In March 2023 Science published “Evolutionary-scale prediction of atomic-level protein structure with a language model” by Zeming Lin, Alexander Rives, and colleagues at Meta AI. It introduced ESMFold, a structure predictor built on top of ESM-2, a transformer language model trained on protein sequences.
The key finding is that information about a protein’s three-dimensional structure emerges inside a language model simply from learning to predict masked amino acids across millions of sequences, and that this emergent knowledge sharpens as the model scales. The authors trained ESM-2 models up to 15 billion parameters and used the largest as the basis for ESMFold. Crucially, ESMFold predicts structure directly from a single sequence, skipping the slow step of building a multiple-sequence alignment that AlphaFold and RoseTTAFold depend on.

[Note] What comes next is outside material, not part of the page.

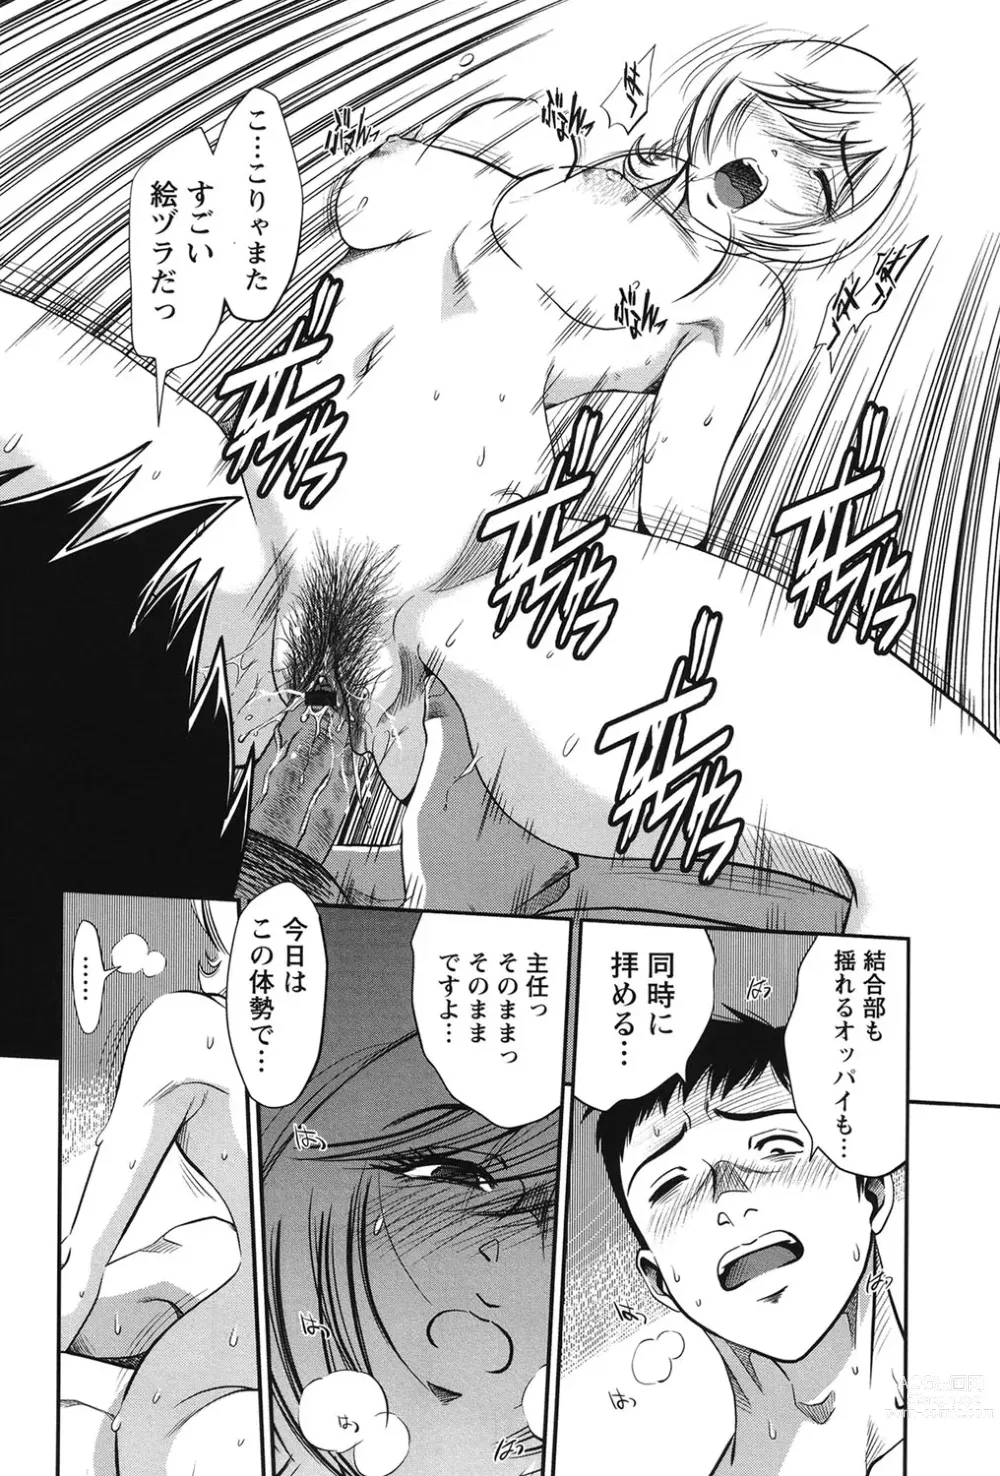 Page 189 of manga Melty Moon Ugly Man Rape

That design made ESMFold roughly an order of magnitude faster than alignment-based methods, at accuracy that was somewhat lower but still useful. The team exploited that speed to fold more than 600 million metagenomic proteins, releasing the results as the ESM Metagenomic Atlas, a structural view into the vast “dark matter” of microbial proteins that had never been characterized.
For a general reader, this paper showed that the same language-model recipe powering chatbots transfers to biology, and that trading a little accuracy for large speed gains can open up problems, such as folding hundreds of millions of unknown proteins, that slower methods could never reach.